The ring resets when you switch to a different thread.

Audit per-message token counts

Open the History view to see a table of every message in the current conversation.

Each row shows:

  • Input tokens consumed by that request
  • Output tokens generated in the response
  • The model used
  • How long the request took
  • A timestamp

This view helps you spot which messages are expensive. A message where the agent reads and processes a large file will show a much higher input token count than a short question. If you are watching your API costs, the History view gives you the per-request accounting you need.

What happens when the context window fills up

The model cannot see messages that fall outside its context window. When the window is full, the oldest messages get truncated to make room for new ones.

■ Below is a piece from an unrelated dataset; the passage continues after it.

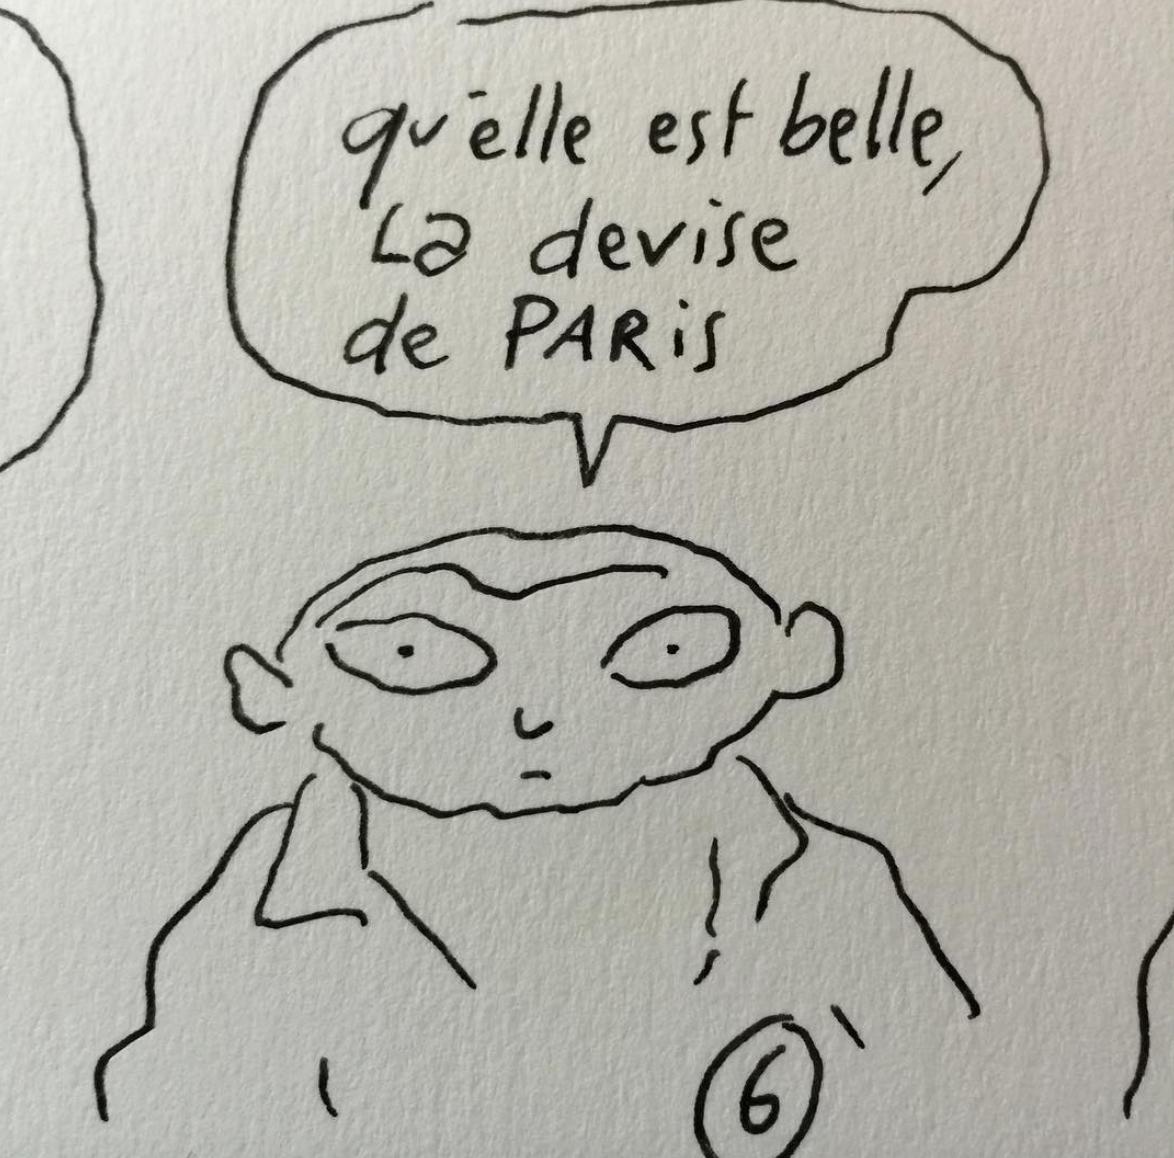 Wat is die mooi, de motto van Parijs.

You will notice this when the agent:

  • asks about something you already explained early in the conversation
  • repeats a tool call you already asked for
  • loses track of a decision made ten messages ago

These are signals to start a new thread, not signs that the model is broken.

Tips for managing token consumption

Use concise prompts. Long prompts with embedded file contents consume context faster than focused questions.

Start new threads for new topics. If you finish one task and move to another, a fresh thread gives you the full context budget for the new work.

Check the six-category breakdown if usage seems high. If the “Tool definitions” or “Skills” segments are unexpectedly large, you may have more tools or skills loaded than you need. Removing unused skills from the project frees up context space for conversation.

Watch the ring during long refactoring sessions. Multi-file refactors tend to generate long exchanges with large code blocks. The ring will tell you when you are approaching the limit before the agent starts losing context.

Summary

The token usage indicator sits in your chat input bar and updates after each agent turn. The ring shows context window consumption at a glance, with color thresholds at 50% and 75%. Click it to see a six-category breakdown of where your tokens are going. Use the History view to audit per-message costs.

Start a new thread when the ring turns orange or red. Your agent will thank you.